Gruber’s role as rescuer of Jewswas just beginning.
In Witness,
Gruber writes about what she saw and shows us, through her haunting and
life-affirming photographs–taken on each of her assignments–the worlds,
the people, the landscapes, the courage, the hope, the life she
witnessed up close and firsthand: the Siberian gulag of the 1930s and
the new cities being built there (Gruber, then untrained as a
photographer, brought her first Rolleicord with her) . . . the Alaska
highway of 1943, built by 11,000 soldiers, mostly black men from the
South (the highway went from Dawson Creek, British Columbia, 1,500
miles to Fairbanks) . . . her thirteen-day voyage on the army-troop
transport Henry Gibbins with refugees and wounded American
soldiers, escorting and then photographing the refugees as they arrived
in Oswego, New York (they arrived in upstate New York as Adolf Eichmann
was sending 750,000 Jews from Hungary to Auschwitz).
In 1947, Gruber traveled for the Herald Tribune
with the United Nations Special Commission on Palestine (UNSCOP)
through the postwar displaced persons camps in Europe, and then to
North Africa, Palestine, and the Arab world; the committee’s
recommendation that Palestine be partitioned into a Jewish state and an
Arab state was one of the key factors that led to the founding of
Israel.
We see Gruber’s remarkable photographs of a former
American pleasure boat (which had been renamed Exodus
1947) as it limped into Haifa harbor, trying to deliver 4,500 Jewish
refugees (including 600 orphans), under attack by five British
destroyers and a cruiser that stormed the Exodus with guns, tear gas, and truncheons, while the crew of the Exodus fought back with potatoes, sticks, and cans of kosher meat. In a cable to the Herald Tribune,
Gruber reported that “the ship looks like a matchbox splintered by a
nutcracker.” She was with the people of the Exodus and photographed
them when they were herded onto three prison ships. Gruber represented
the entire American press aboard the ship Runnymede Park, photographing
the prisoners as they defiantly painted a swastika on the Union Jack.
During
her thirty-two years as a correspondent, Ruth Gruber photographed what
she saw and captured the triumph of the human spirit.

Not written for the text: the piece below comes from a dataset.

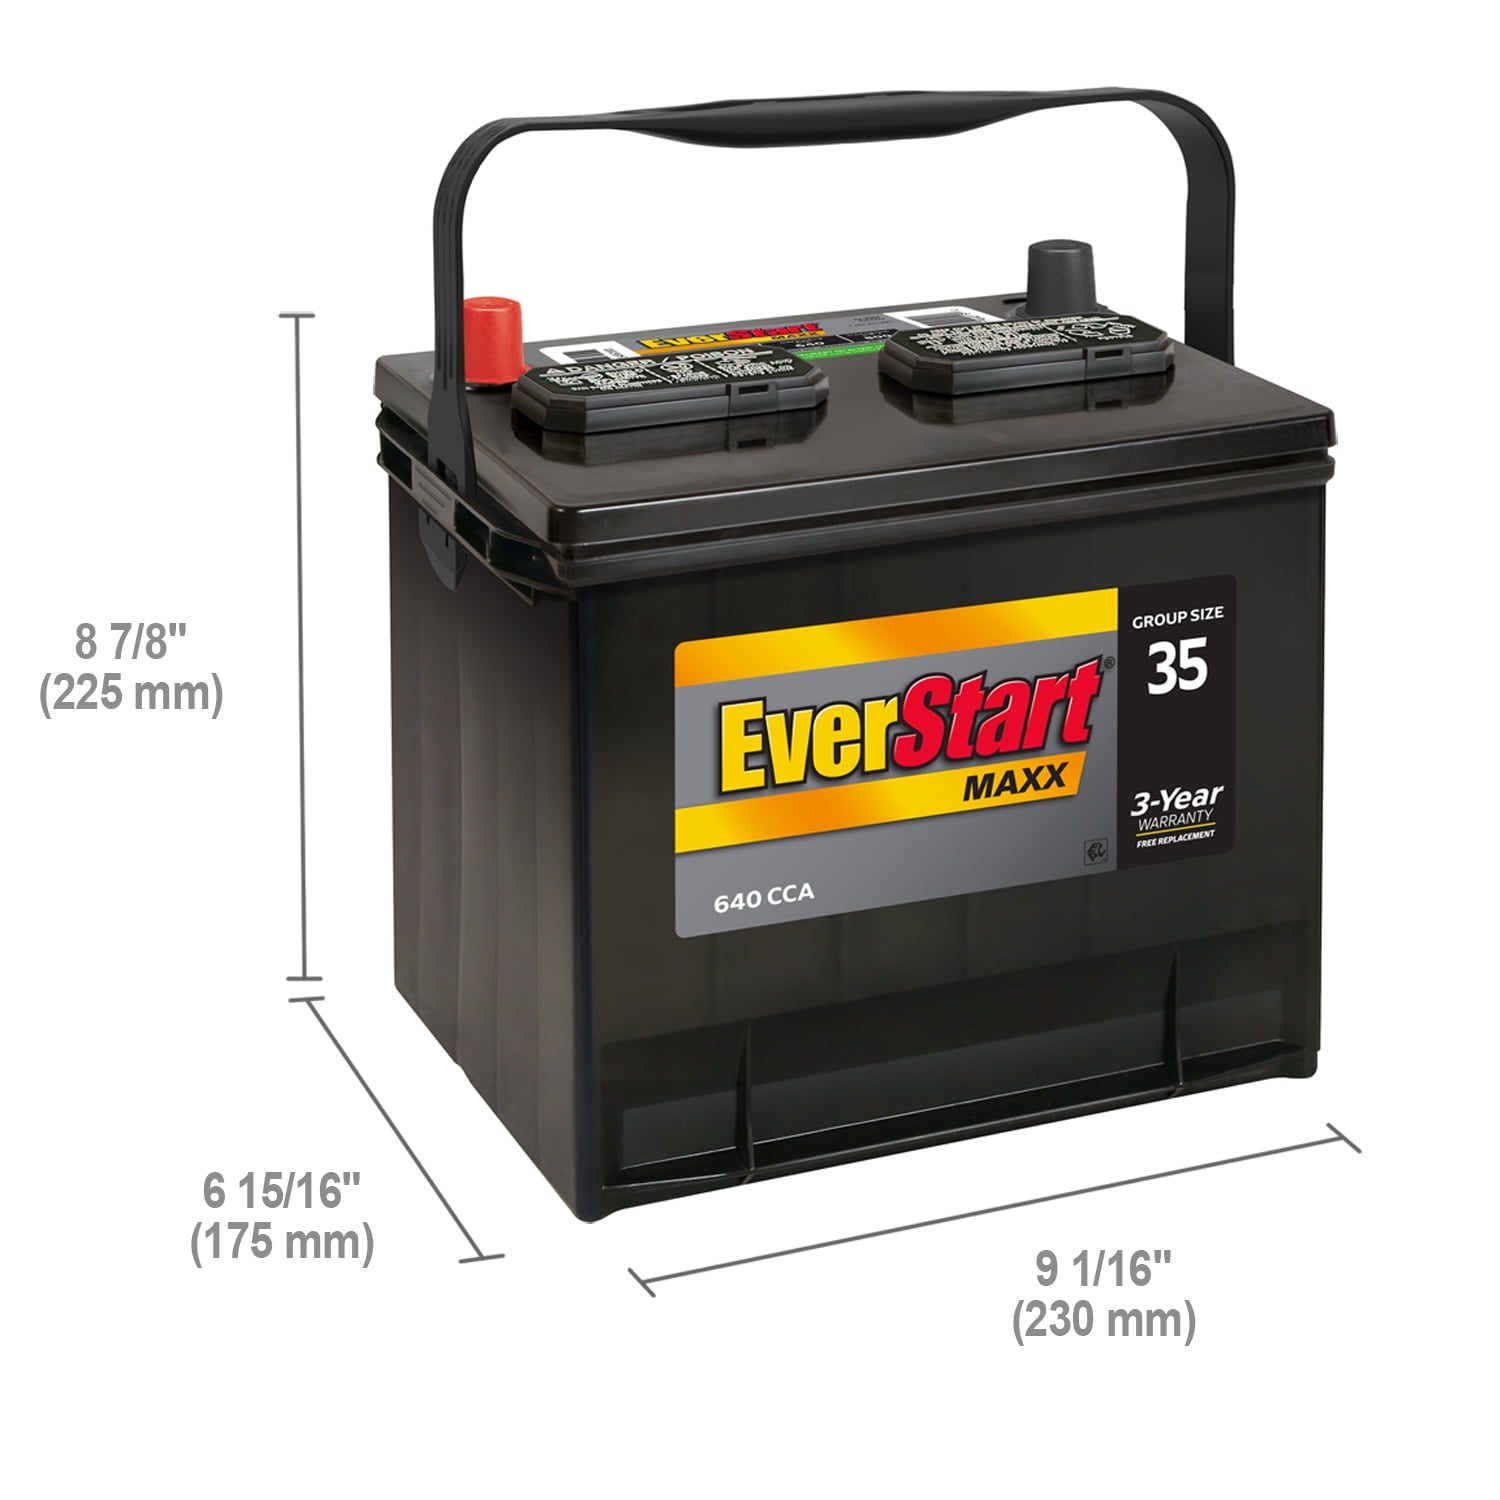 Rynke panden vandring I de fleste tilfælde EverStart Maxx Lead Acid Automotive Battery, Group Size 35N, 12 Volt 640  CCA - Walmart.com

“Take photographs with your heart,” Edward Steichen told her.
Witness is a revelation–of a time, a place, a world, a spirit, a belief. It is, above all else, a book of heart.
About the author:
Ruth Gruber was born in 1911. She was a foreign correspondent for the New York Herald Tribune
from 1935 to 1967. In 1998, Gruber received a lifetime achievement
award from the American Society of Journalists and Authors. She is the
author of nineteen books, including I Went to the Soviet Arctic, Destination Palestine, Haven, Raquela, and Ahead of Time. She lives in New York City.